Forms come in a variety of shapes and sizes, each with varying amounts of fields filled with information. The types of information stored in these fields can be quite similar or differ drastically depending on the type of form that is used. The LEADTOOLS SDK provides a variety of classes and interfaces for automated processing of forms, allowing for quick and efficient detection of both structured and unstructured fields.

Structured Fields

The fields in the form have static locations, similar data types, and can be defined in a ruleset. Every structured form of the same type should contain the same fields for information, with matching types and structure. Some examples are tax forms for US citizens, such as 1040EZ or W-2 forms, where fields are expected to appear at predefined locations and contain similar data type.

Unstructured Fields

The fields in the form do not have predefined characteristics, such as type or location.
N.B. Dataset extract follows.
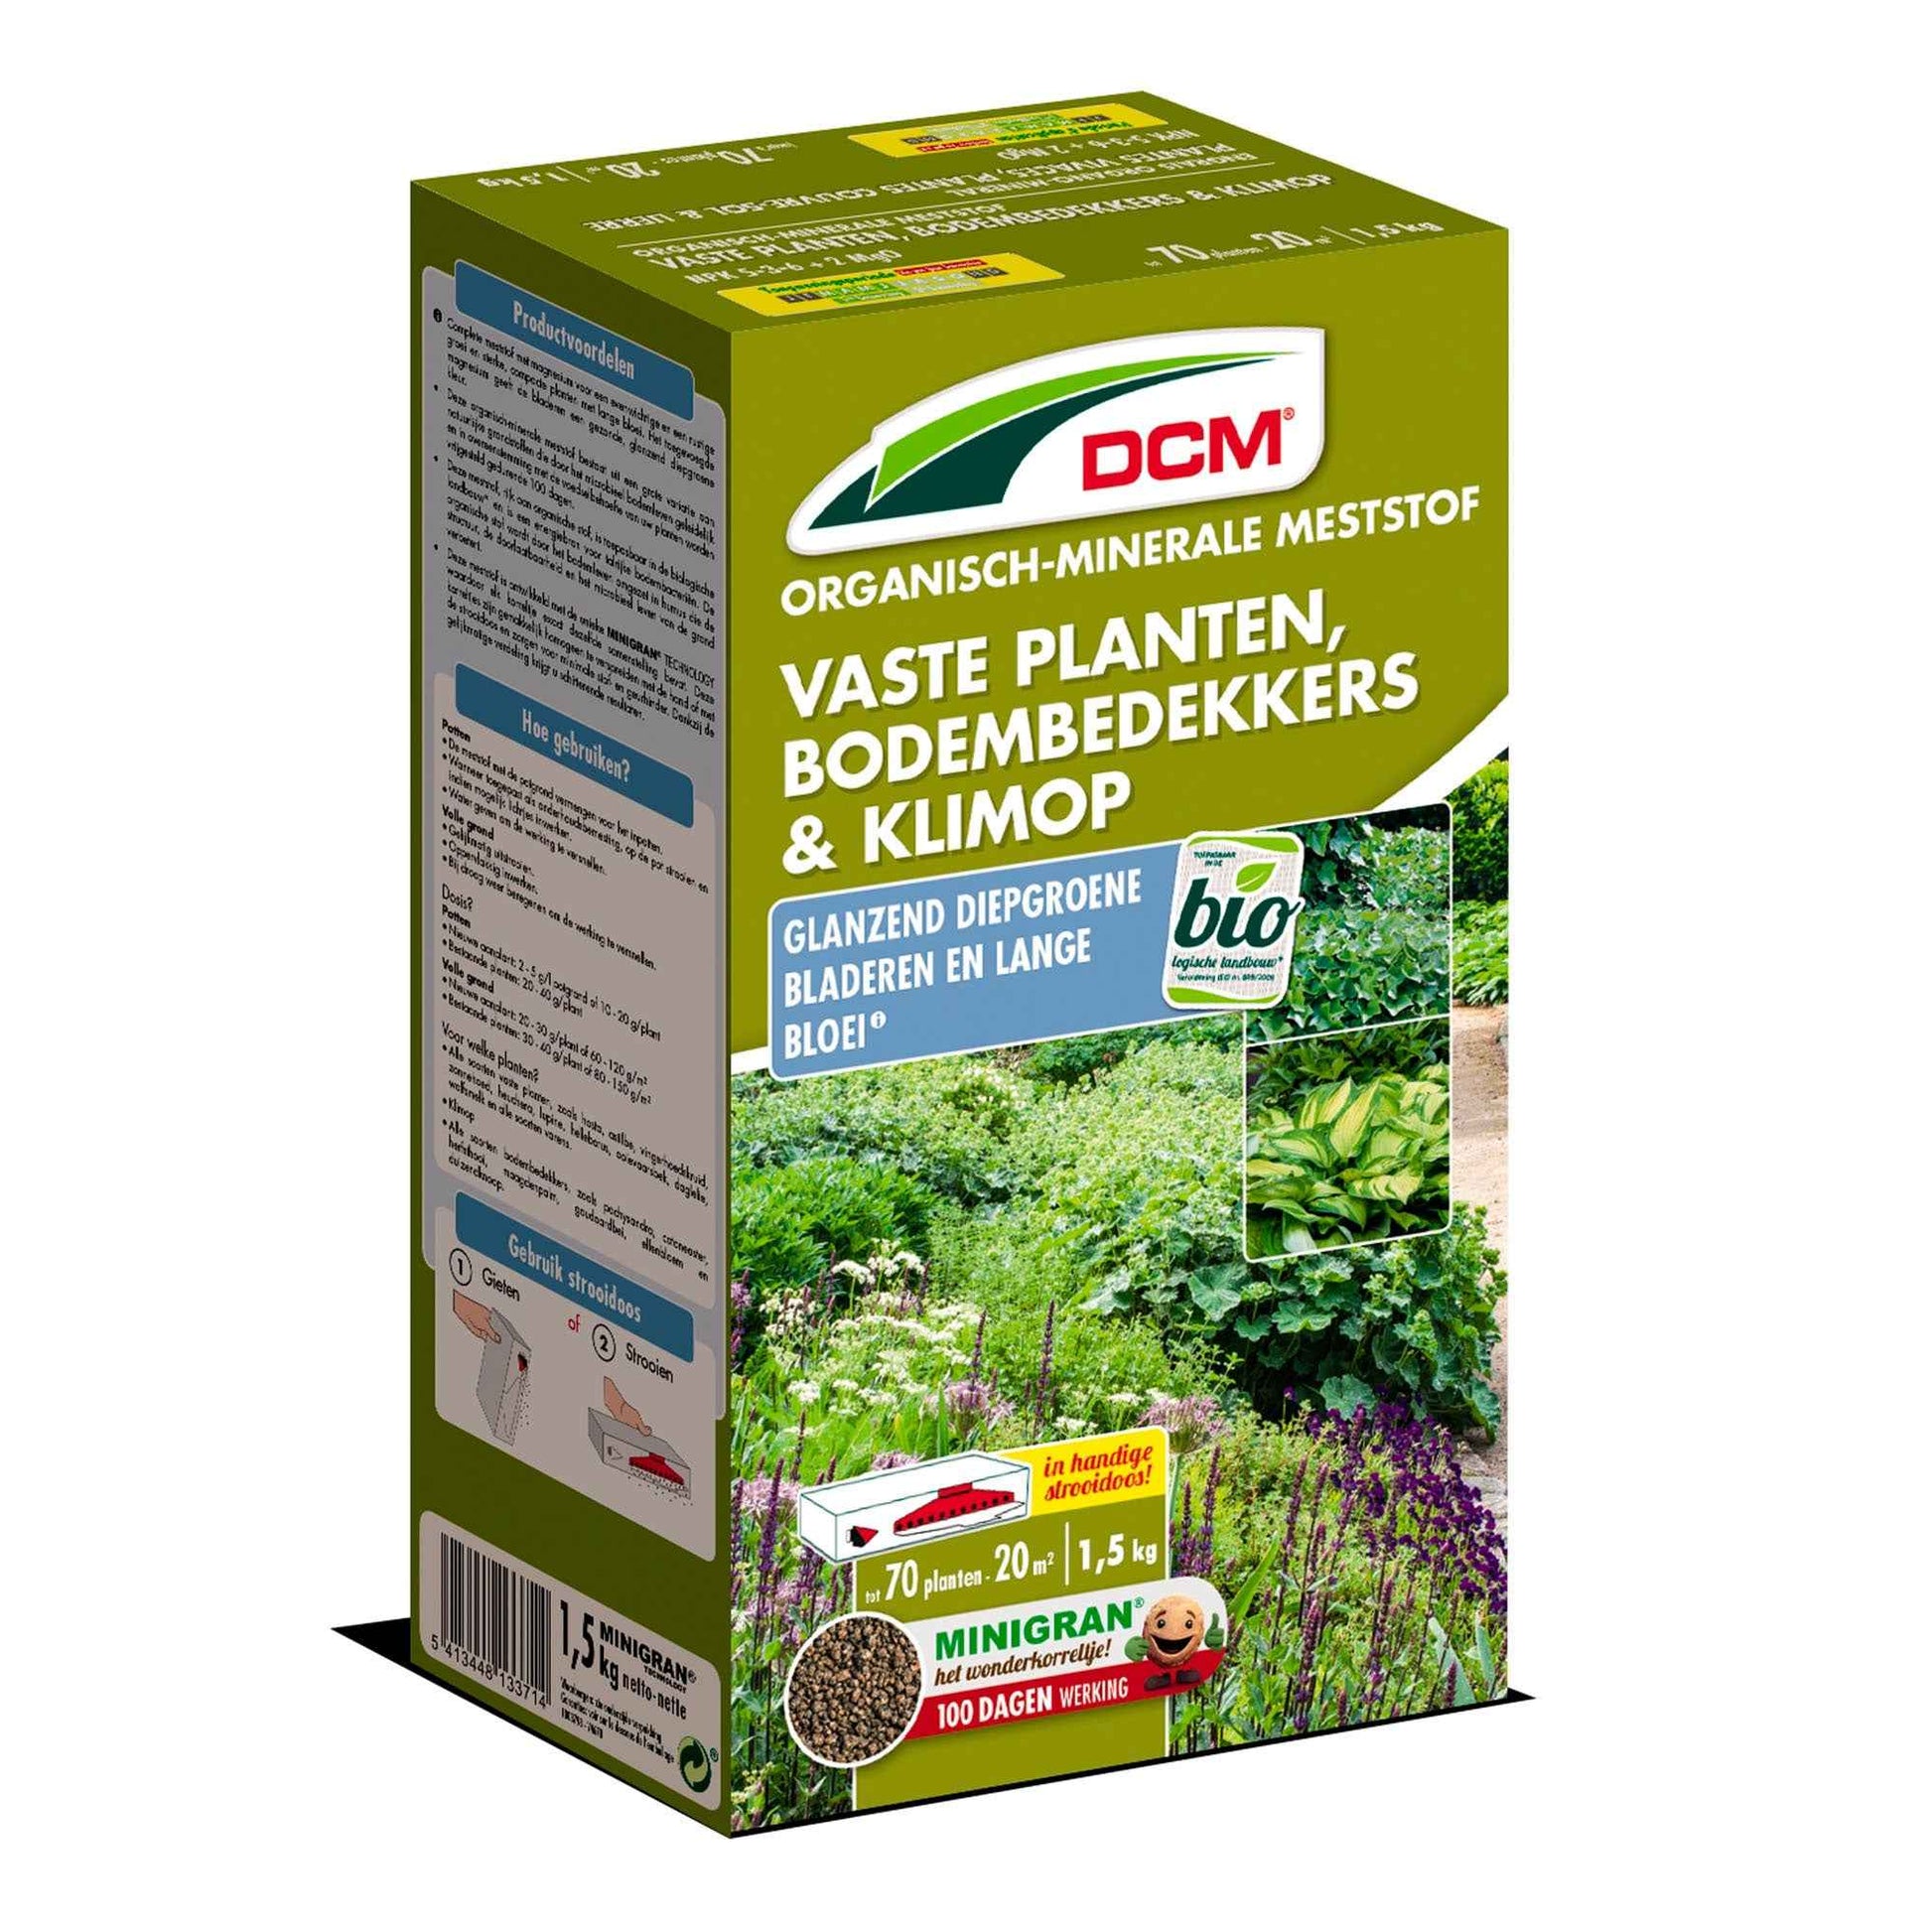 Plantenvoeding voor vaste planten, bodembedekkers & klimop - Biologisch 1,5 kg - DCM - Meststoffen

A ruleset defined for another structured or unstructured form will likely not be able to perfectly detect all of the fields on an unstructured form, so one must be created for that specific form to define its fields. An example of this could be a newly created form that is specialized for an activity or some unique reporting process.

Create the Project and Add LEADTOOLS References

Start with a copy of the project created in the Add References and Set a License tutorial. If the project is not available, follow the steps in that tutorial to create it.

The references needed depend upon the purpose of the project. References can be added via NuGet packages.

This tutorial requires the following NuGet package:

Alternatively, if NuGet packages are not used, the following DLLs are required:

For a complete list of which DLL files are required for your application, refer to Files to be Included With Your Application.

Set the License File

The License unlocks the features needed for the project. It must be set before any toolkit function is called. For details, including tutorials for different platforms, refer to Setting a Runtime License.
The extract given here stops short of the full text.